For the corners, $$F_C = \max(F_{00},F_{01},F_{10},F_{11}),$$ where $$F_{00} = \min\dbinom{mq}{ms},\quad F_{01} = \min\dbinom{lp}{ls},\quad F_{10}=\min\dbinom{lq}{lr},\quad F_{11}=\min\dbinom{kp}{kr}.$$
For the left side,
$$F_L=\max\limits_c F(0,c) = \max\limits_c\left(l\min\dbinom{p}{sc} + m\min\dbinom{q}{s(1-c)}\right).$$
Etc.
Simplified solution
The feasible region of $0\le a\le 1,0\le c\le 1$ is divided into polygons by the four lines $$abh=cdg,abj=(1-c)dg,(1-a)bh=cdi, (1-a)bj=(1-c)di. (1)$$
Within each polygon the objective function is linear and its maximum therefore occurs at a vertex of the polygon The maximum over all polygons therefore has to occur at a point of intersection of two of the eight lines given by the four lines (1) together with the lines $a=0,a=1,c=0,c=1$.

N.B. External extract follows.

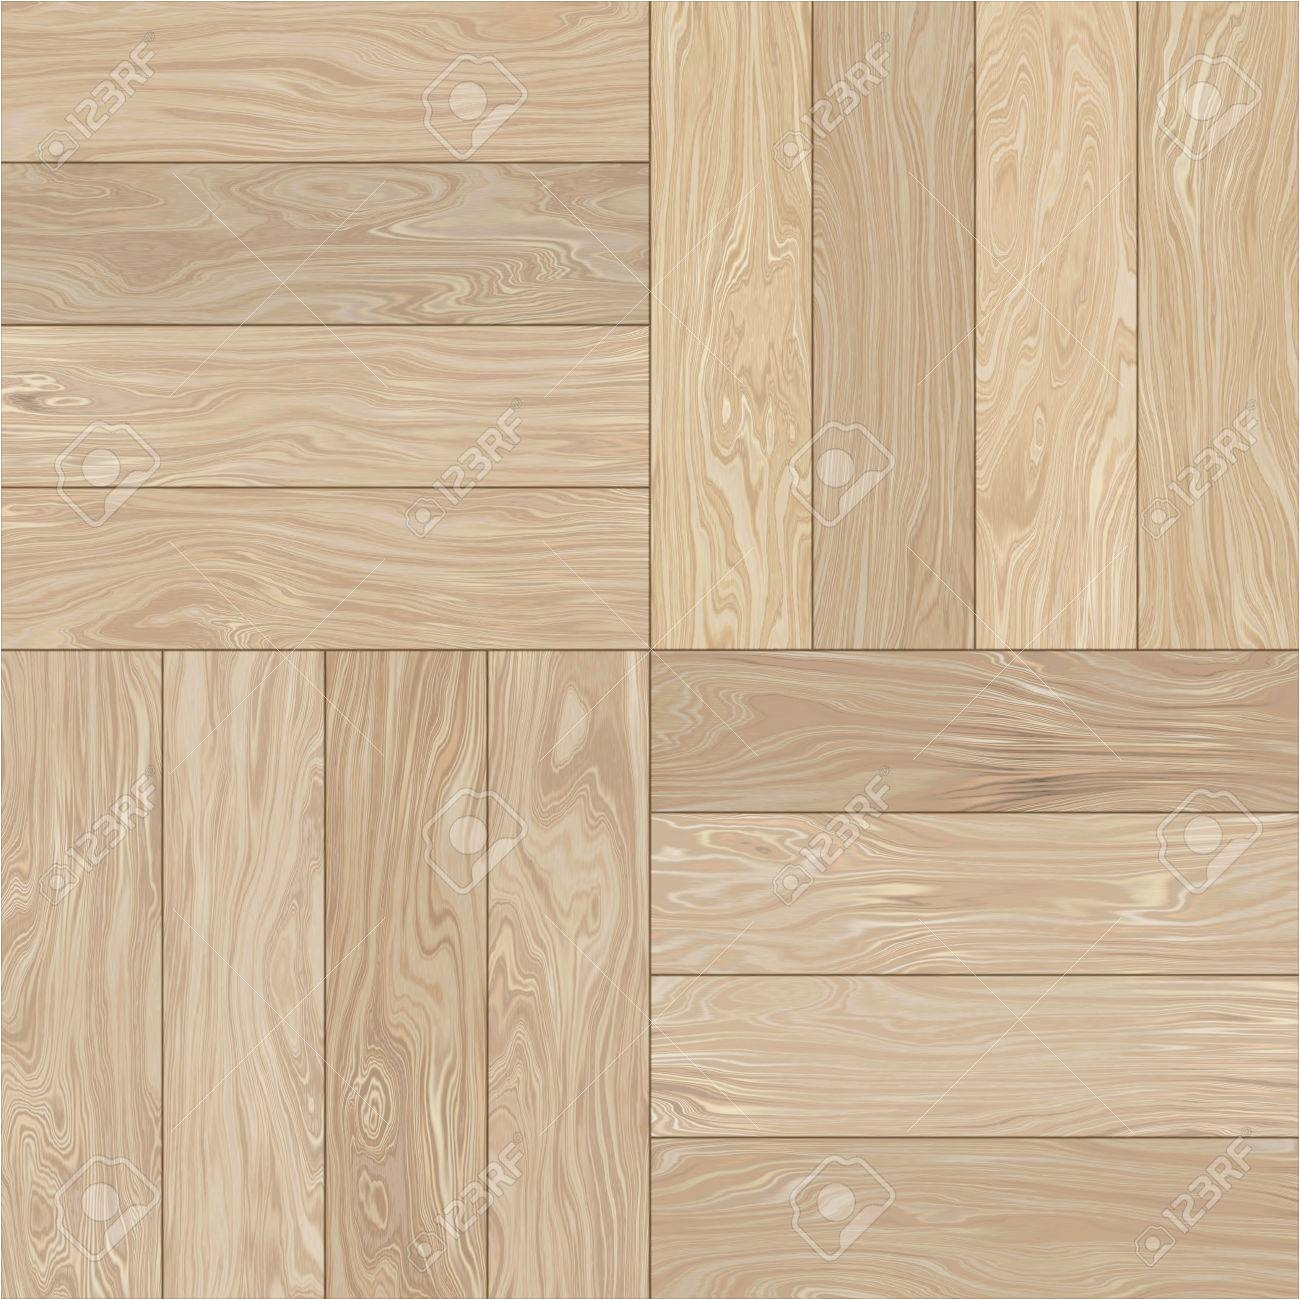 engineered hardwood flooring vs hardwood flooring of wooden floor texture bradshomefurnishings in wooden floor texture wood floor background seamless background wooden texture parquet

Solving these equations in pairs gives the following set of points at which the objective function needs to be evaluated. The maximum of these values is the required solution.
Since $a+e=c+f=1$, it is sufficient to give the values of $(a,c)$. These are as follows, where any points lying outside the unit square can be ignored.

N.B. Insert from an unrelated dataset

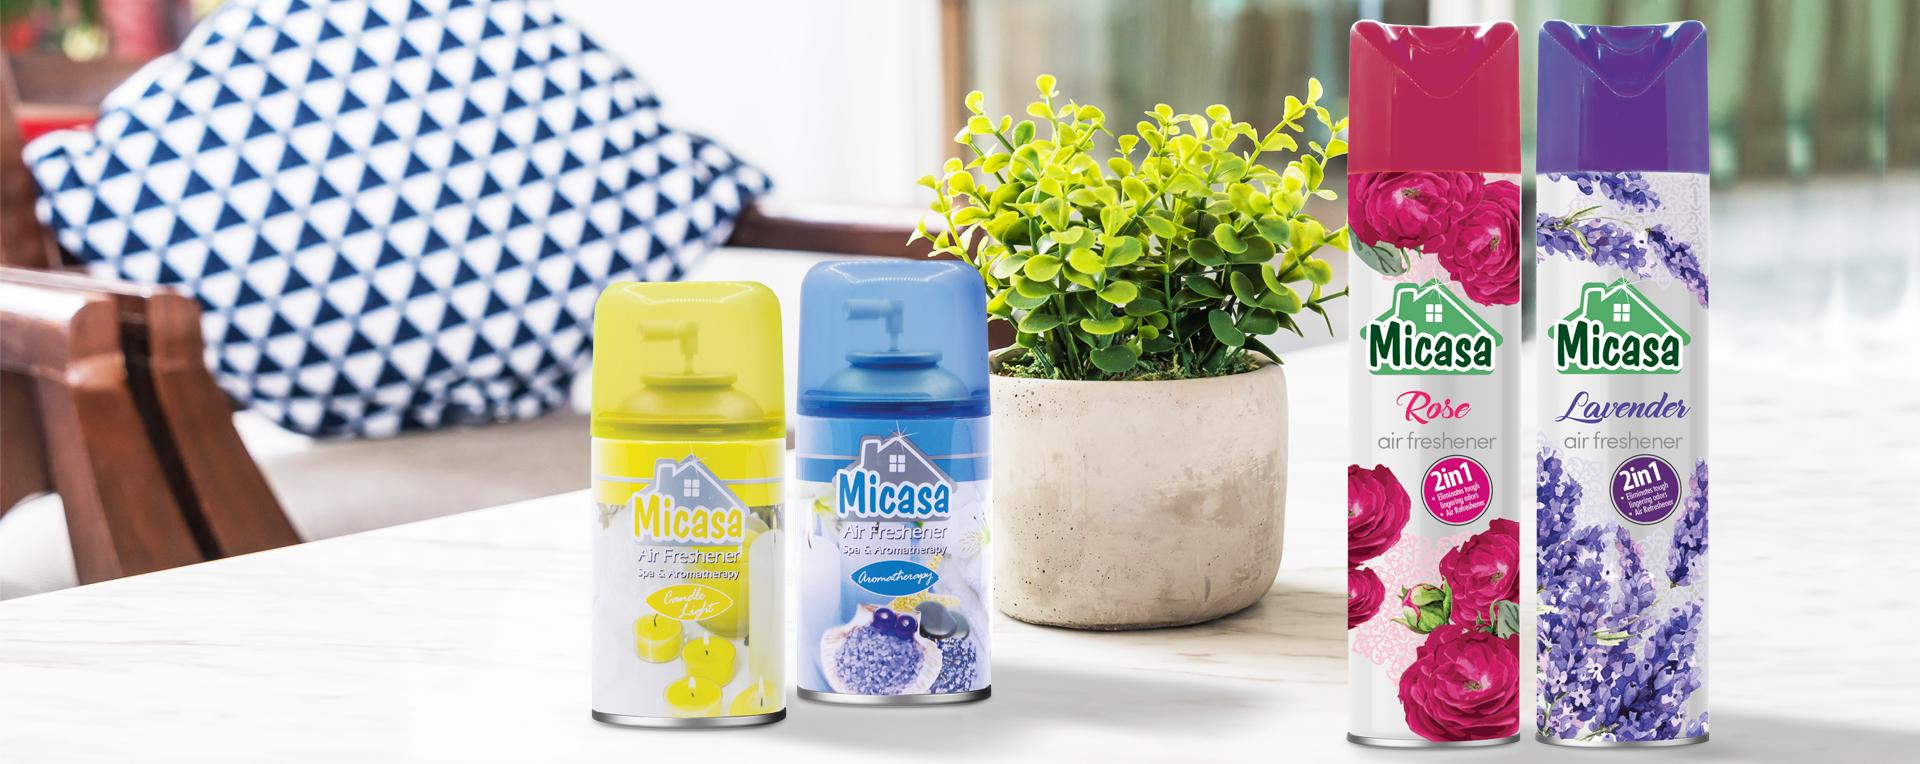 Micasa 250 ml Refill

Solutions with $a=0$ $$(0,0),(0,1),(0,\frac{bh}{di}),(0,\frac{di-bj}{di})$$ Solutions with $a=1$
$$(1,0),(1,1),(1,\frac{bh}{dg}),(1,\frac{dg-bj}{dg})$$
Further solutions with $c=0$ $$(\frac{dg}{bj},0),(\frac{bj-di}{bj},0)$$
Further solutions with $c=1$
$$(\frac{dg}{bh},1),(\frac{bh-di}{bh},1)$$
Remaining 6 solutions
$$(\frac{dg}{b(j+h)},\frac{h}{j+h}),(\frac{bh}{d(g+i)},\frac{g}{g+i}),(\frac{h(bj-di)}{d(gj-hi)},\frac{g(bj-di)}{b(gj-hi)})$$ $$(\frac{g(di-bh)}{b(ij-gh)},\frac{h(bj-dg)}{d(i-g)}),(\frac{g}{g+i},\frac{dg+di-bj}{d(g+i)}),(\frac{bj+bh-di}{b(h+j)},\frac{h}{h+j}).$$